**About this task**: Retype the listing exactly as it stands, and keep every image out.

**Data**:
━━━━━━━━━━━━━━━━━━━━
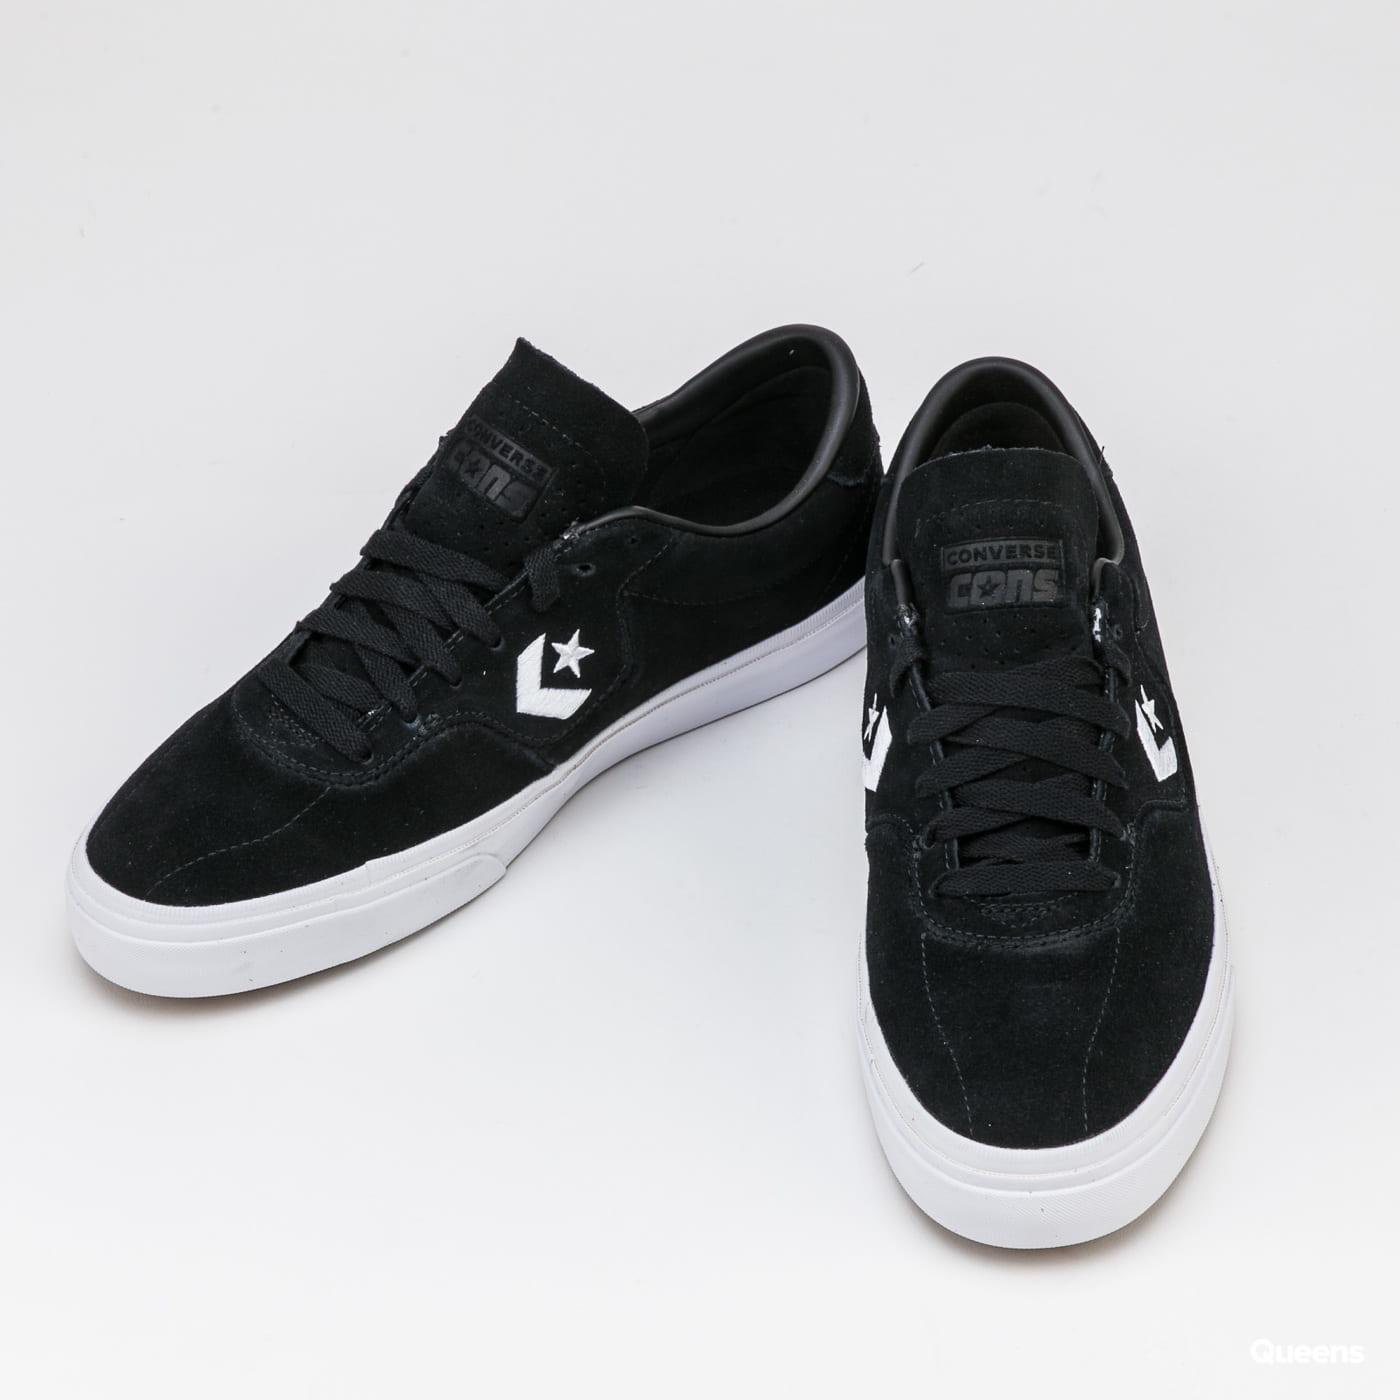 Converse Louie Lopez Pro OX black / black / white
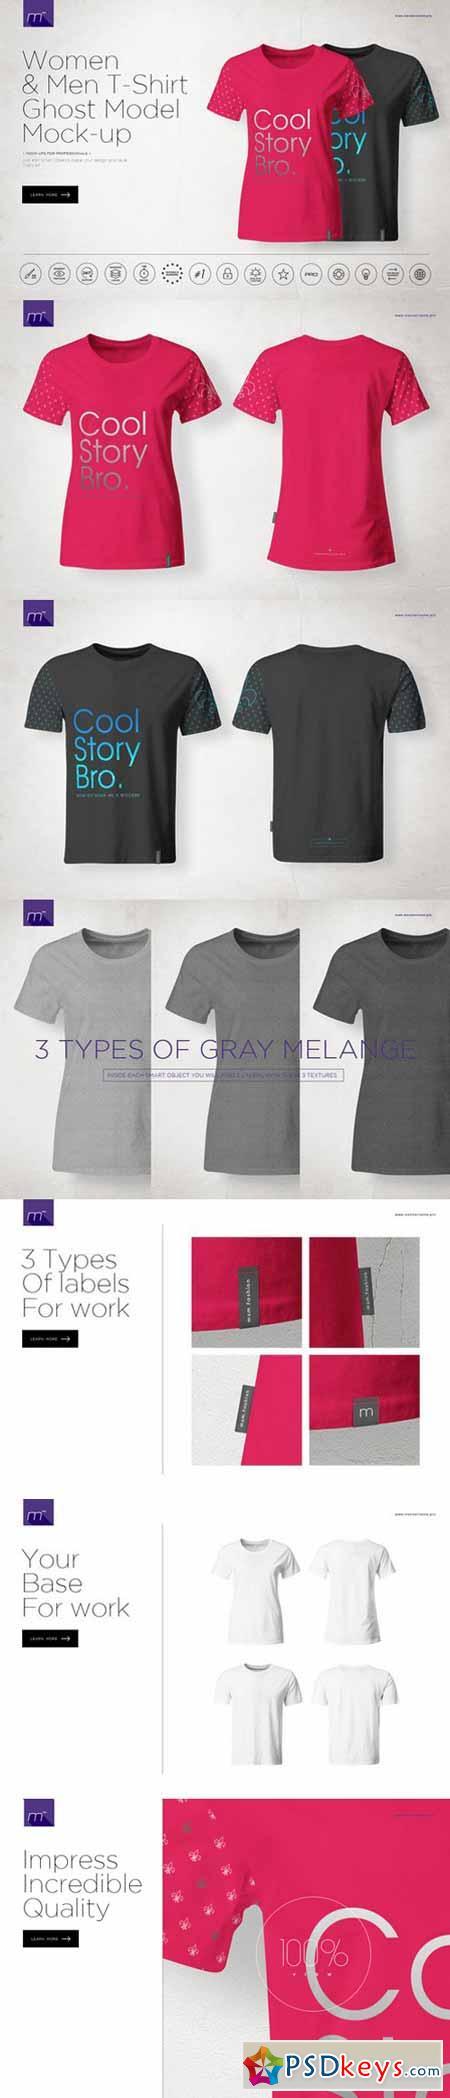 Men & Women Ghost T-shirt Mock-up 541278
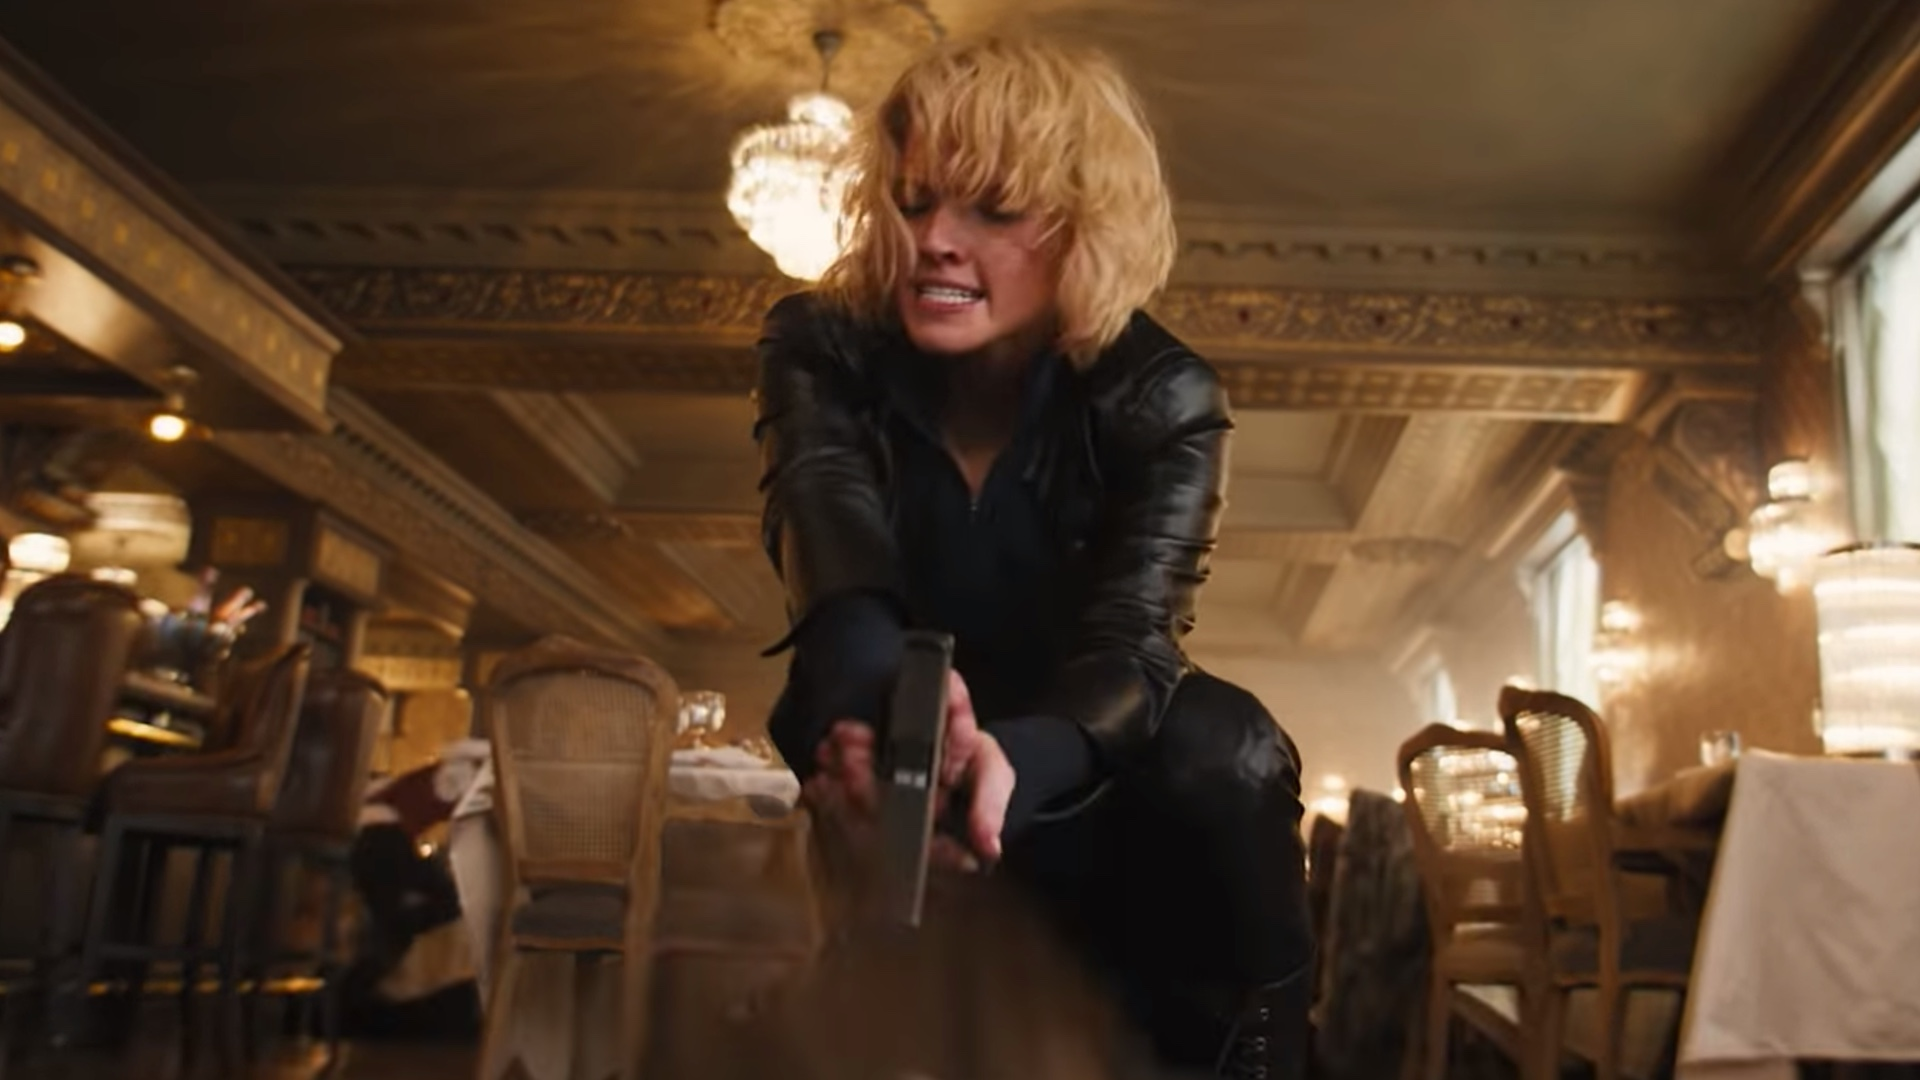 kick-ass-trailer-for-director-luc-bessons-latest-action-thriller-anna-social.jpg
━━━━━━━━━━━━━━━━━━━━
**Result of this task**:
 Converse Louie Lopez Pro OX black / black / white
 Men & Women Ghost T-shirt Mock-up 541278
 kick-ass-trailer-for-director-luc-bessons-latest-action-thriller-anna-social.jpg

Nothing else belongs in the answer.